Council funds Muslim assistance agencies 1

Councilman Daneek Miller, left, and Council Speaker Corey Johnson chat with Islamic Circle of North America-New York Secretary General Muhammad Rahman in Jamaica at the announcement of the Council’s $250,000 Muslim Empowerment Initiative.

City Council members were in Jamaica on Aug. 21 to announce grants to 14 community-based agencies that serve the city’s Muslim community.

Councilman Daneek Miller (D-St. Albans) and Council Speaker Corey Johnson (D-Manhattan) attended Jumu’ah prayers at the Islamic Circle of North America’s New York Chapter in Jamaica to officially announce the awarding of $250,000 for the initiative.

Miller, the lone Muslim on the 51-member Council, said between 400,000 and 800,000 Muslims live in the New York City metropolitan area.

The initiative, done in collaboration with the New York Immigration Coalition, will enable culturally and linguistically competent nonprofit groups to educate Muslim New Yorkers on their fundamental rights, conduct case management and provide referrals for various legal, social and healthcare services.

Miller, in a statement put out by his office, said he considers those to be especially important given aspects of the recent political and social climate.

“The policies flowing from Washington D.C. of late have served to marginalize and malign our country’s immigrants and minorities,” Miller said. “In response, this Council has redoubled its efforts to celebrate diversity, promote inclusion, and preserve fundamental rights for all New Yorkers; and the Muslim Empowerment Initiative, in particular, represents our latest commitment to stand squarely with our Muslim brothers and sisters.”

He and the speaker also cited statistics released by the FBI last year in which reported incidents of hate crimes against Muslims rose 19 percent in 2016 compared to the previous year, which itself saw a 67 percent rise over 2014 as tensions in the community deepened.

Organizations receiving $20,000 grants include the Arab American Association of New York, Inc.; The Arab-American Family Support Center; African Communities Together, Inc.; Turning Point for Women and Families; African Services Committee; South Asian Youth Action, Inc.; India Home, Inc.; and Islamic Circle of North America.

Grants of $15,000 are going to the Council on American-Islamic Relations of New York Inc.; Chhaya Community Development Corporation; Council of Peoples Organization, Inc.; Muslim Community Network; Desis Rising Up & Moving; and the Muslim American Society.

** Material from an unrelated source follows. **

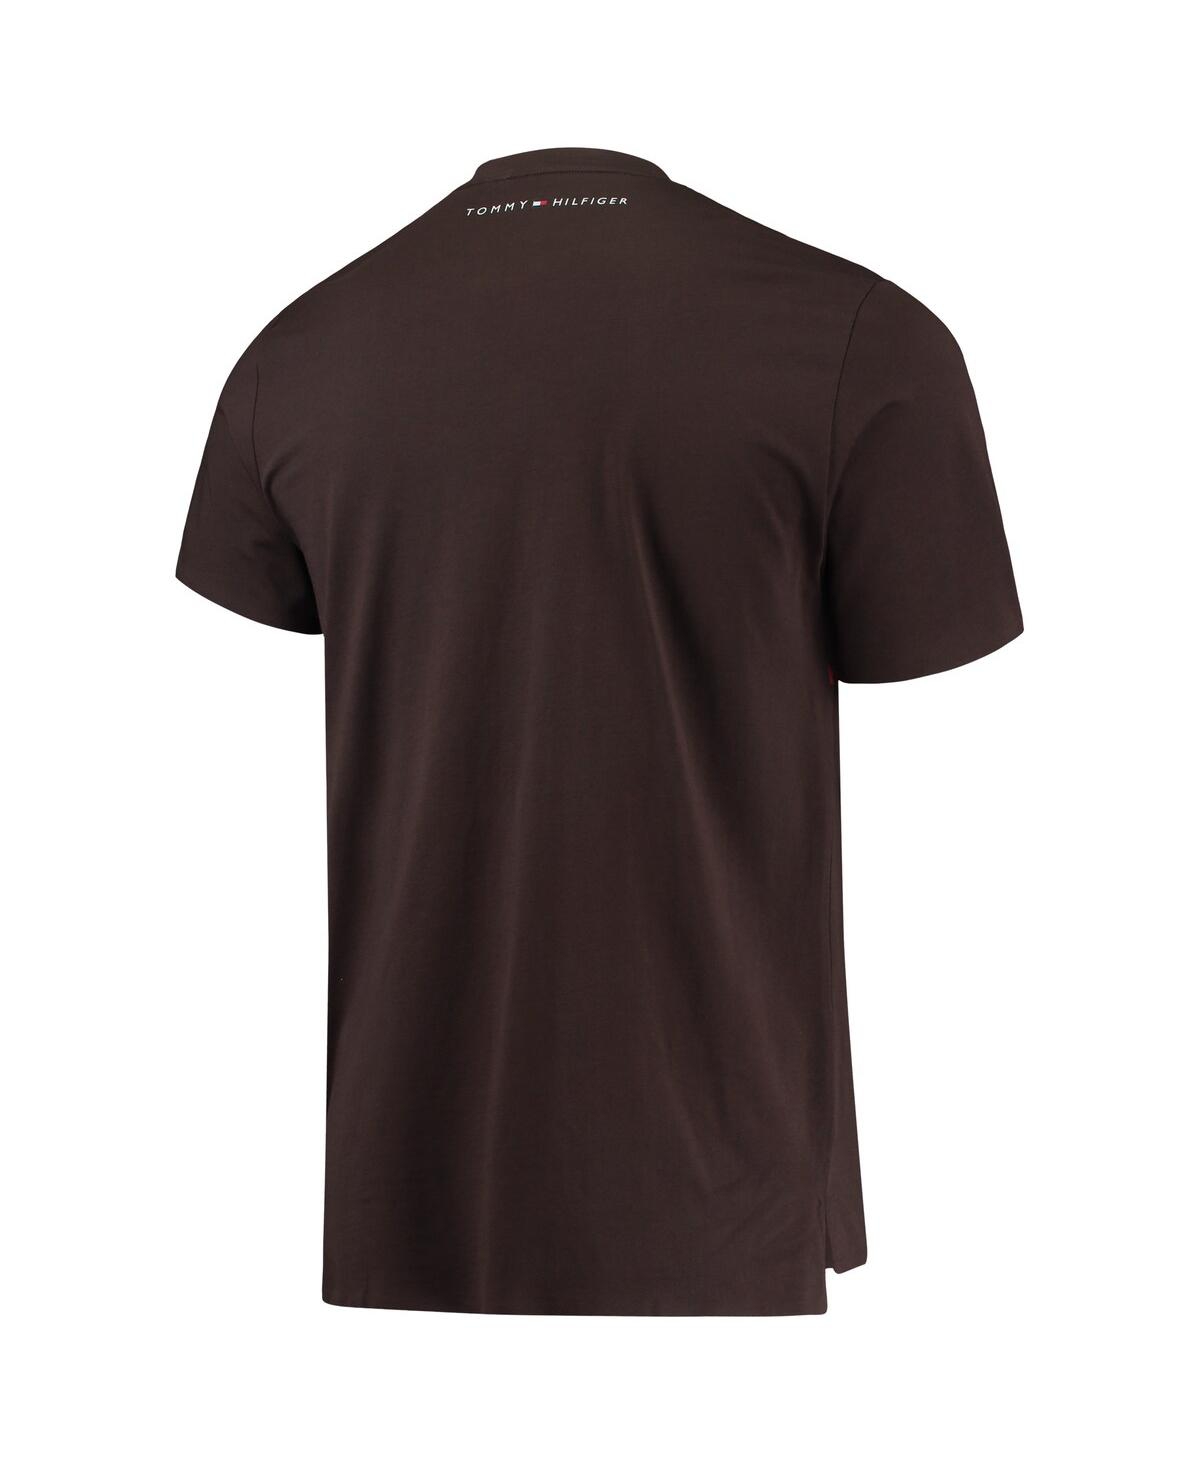 Shop Tommy Hilfiger Men's  Brown Cleveland Browns The Travis T-shirt

Johnson believes the funding is a smart investment.

“Muslim advocacy groups have served as cornerstones in their communities through educational services, outreach to the needy and legal referrals for years,” he said. “We are so thankful for the work they do and are proud to help enhance their efforts through funding from the City Council.”

Muhammad Rahman, the ICNA secretary general, said the money will help with numerous community engagement activities, such as Iftar in the Park and open space Eid prayer services.

Albert Fox Cahn, CAIR-New York’s legal director, also said the programs are increasingly needed to counter discrimination, harassment and the increase in hate crimes.

“We hope to work closely with elected officials at every level of government to ensure that New York lives up to its promise of being where all religions are welcome,” he said in Miller’s press release.

While public grant money often comes with restrictions or strings that generally can be weathered by secular and cultural organizations, Cahn told the Chronicle in a telephone interview that he does not believe the funding has the potential to cause unforeseen problems down the road for religious groups.

“I think this is very straight forward so there won’t be any unintended consequences,” he said. “I don’t see any risk.”

Cahn also did not speculate on whether the Muslim community might gain more benefit by giving larger slices of the pie to fewer organizations. He said if anything, the allocations as approved only demonstrate the great need within the community for the various kinds of help provided by the different organizations.

“I’m not going to second-guess the Council on that,” he said.